In your risk factor disclosure on page 22 you disclose that “any reduction in spending on information technology systems by educational institutions would likely materially and adversely affect our business.” Please tell us what consideration was given to quantifying the portion of your revenues from sales to educational institutions, separately quantifying sales to educational institutions funded from the E-Rate program, to enhance transparency and understanding of the significance of the risks and uncertainties related to your future revenue from your education end-customers as well as to describe any known trends. Refer to Item 303(a)(3) of Regulation S-K and Section III.B of SEC Release No. 33-8350.
The Company believes that expanded disclosure of revenue beyond the required enterprise wide requirement of revenue by geography and major customers is not necessary based on the following:
The mix of customers and industries within each geography varies significantly and a subset of any specific industry could be misleading when assessed against the comparative overall Company results.
Customer buying patterns within each of the industries that the Company serves vary by geography due to factors that are not under our control such as government funding, currency exchange rates and market/industry adoption of new technology.
The percentage of sales from education or any other industry in which the Company has customers could vary significantly year to year and be skewed largely by individually significant deals in any given period.
The Company relies upon multiple channels of distribution, including distributors, resellers, and OEMs. The Company relies on third party reports from our distributors at the transactional level, once a product sells through. The partners do not always provide the Company qualitative information such as the industry of the end user and the information that is provided is not verified.
We have determined that separate disclosure regarding the E-Rate program funding revenue in particular is not required because the Company has not observed any trend as of yet where our educational customers’ purchasing power and therefore our revenues therefrom have been materially impacted by lack of government funding in general or E-Rate funding in particular.
Part III (Incorporated by reference to the Definitive Proxy Statement filed on October 2, 2014)
Executive Compensation and Other Matters
2014 Compensation Decisions, Annual Short-Term Incentives, page 33
4.
We note the disclosure on page 34 that awards under the 2014 Incentive Plan were structured to payout at the 100 percent level if the company achieved a cumulative $16.3 million in operating income over the course of fiscal 2014. Since the company incurred an operating loss during the year of more than $50 million, please provide more information in your response letter as to how the 2014 cash incentive payments were calculated for each of the named executive officers (“NEO”) who participated in the 2014 Incentive Plan. For example, tell us the quarterly goals that were established, actual performance against those goals, and the amount of the quarterly payouts to each of the participating NEOs.

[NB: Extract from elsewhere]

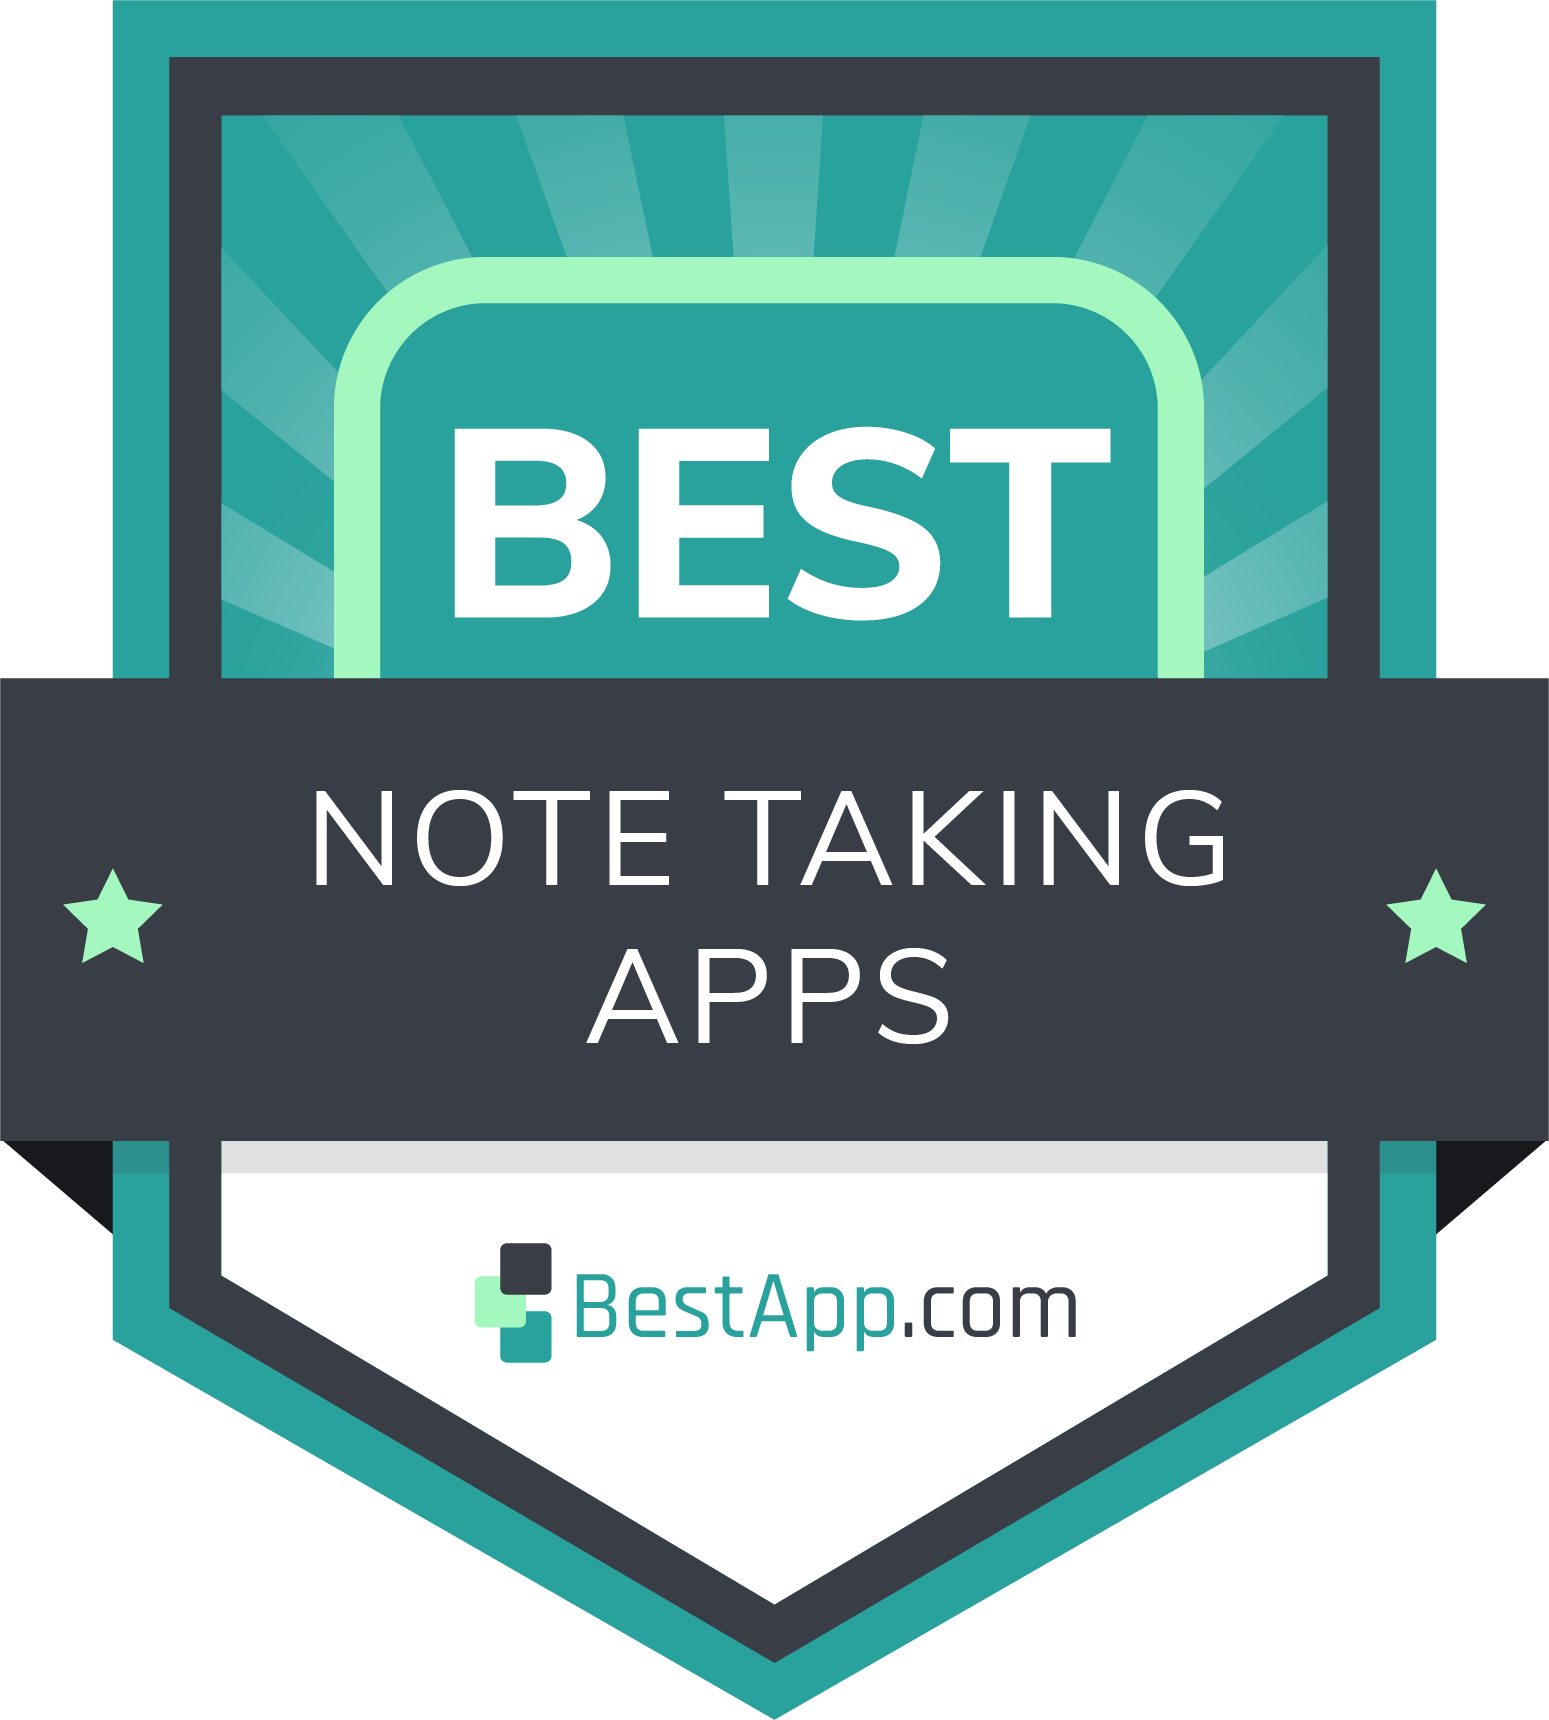 Best Note-Taking Apps Badge

As disclosed in the 2014 Proxy Statement, the 2014 Incentive Plan was a 100 percent cash bonus program that provided payouts for quarterly and annual operating periods which were to be funded and earned based on the achievement of pre-established corporate and individual objectives. Additionally, as disclosed the Aggregate Operating Income (AOI) goal was broken down into four discrete quarterly goals and payouts, if any, were to be made on a quarterly basis.
The Quarterly Targets for the 2014 Incentive Plan were based on Quarterly Non-GAAP Operating Income forecasts that excluded the costs of restructuring and stock based compensation. These original targets remained in effect for only the quarter ended September 30, 2013 and noted on the table below as “Pre-Acquisition Non-GAAP Operating Income Target.” In November 2013, following the acquisition of Enterasys Networks, Inc., the Compensation Committee of the Board of Directors approved modified targets for the 2014 Incentive Plan which reflected the revised Non-GAAP forecasted results of the combined company. The revised Non-GAAP Operating Income targets are indicated in the table below. In addition to the Non-GAAP exclusions for costs of restructuring and stock based compensation previously identified, the revised targets also excluded acquisition and integration costs, the effects of purchase accounting with respect to the fair market value adjustment of acquired inventory, amortization of intangible assets and the reduction of deferred service revenue.
The Quarterly goals and results are as follows:
 
Pre-Acquisition Non-GAAP Operating Income Target ($000)
Post Acquisition Revised Non-GAAP Operating Income Target ($000)
Actual Approved Non-GAAP Operating Income Results Pre-Bonus Expense ($000)
Percent Attainment (%)
% Attainment (Per Disclosure Calculation)
September 30, 2013
$
3,000

N/A

$
5,700

150
%
150
%
December 31, 2013
2,000

15,000

20,600

137
%
137
%
March 31, 2014
4,600

7,800

3,400

44
%
0
%
June 30, 2014
6,700

19,500

11,200

57
%
0
%
Fiscal 2014
$
16,300

$
42,300

$
40,900

 
 

The table below reflects the calculation of the incentive compensation paid to each of the NEOs based upon the above approved goals, results and their respective compensation agreements.
NEO
Annual Compensation
Rate
July 1, 2013 through
April 1, 2014
Quarterly Target Bonus,
Percent of Base Salary
(%)
September 30, 2013
Performance Factor
September 30, 2013 Short Term Incentive Compensation
December 31, 2013
Performance Factor
December 31, 2013 Short Term Incentive Compensation
Total Compensation From Short Term Incentive Plan
Charles Berger
$500,000
25%
150%
$187,500
139%
$173,191
$360,691
Edward Carney
$400,000
25%
150%
$52,174
139%
$69,277
$121,451
Frank Blohm
$300,000
25%
150%
$56,250
139%
$51,957
$108,207
Allison Amadia
$290,000
25%
150%
$50,238
139%
$50,225
$100,463
John Kurtzweil
$385,000
25%
150%
$72,188
139%
$66,679
$138,866
As noted above, the performance targets were met for the periods ending September 30, 2013 and December 31, 2013, however the performance targets were not met for either of the quarters ending March 31, 2014 or June 30, 2014 nor the full year component for fiscal 2014.



Signatures, page 86

5.
We note that Mr. Arola signed the 10-K on behalf of the registrant but not on his own behalf. Refer to General Instruction D.2 of Form 10-K. Please file an amendment to correct the signature page. For additional guidance, see Interpretation 204.07 of our Exchange Act Forms Compliance and Disclosure Interpretations.
We acknowledge the requirement noted above and intend to promptly file an amendment to the 10-K to correct the signature page and to file future financial statements consistent with the Staff’s comment.
Form 10-Q for the Quarterly Period Ended December 31, 2014
Management’s Discussion and Analysis of Financial Condition and Results of Operations
Results of Operations, page 19
6.
We note your disclosure on page 25 that accounts receivable decreased primarily due to higher collections. In light of the decrease in receivables, please tell us what consideration was given to discussing the underlying reasons for the increase in the provision for doubtful accounts and allowance for sales returns.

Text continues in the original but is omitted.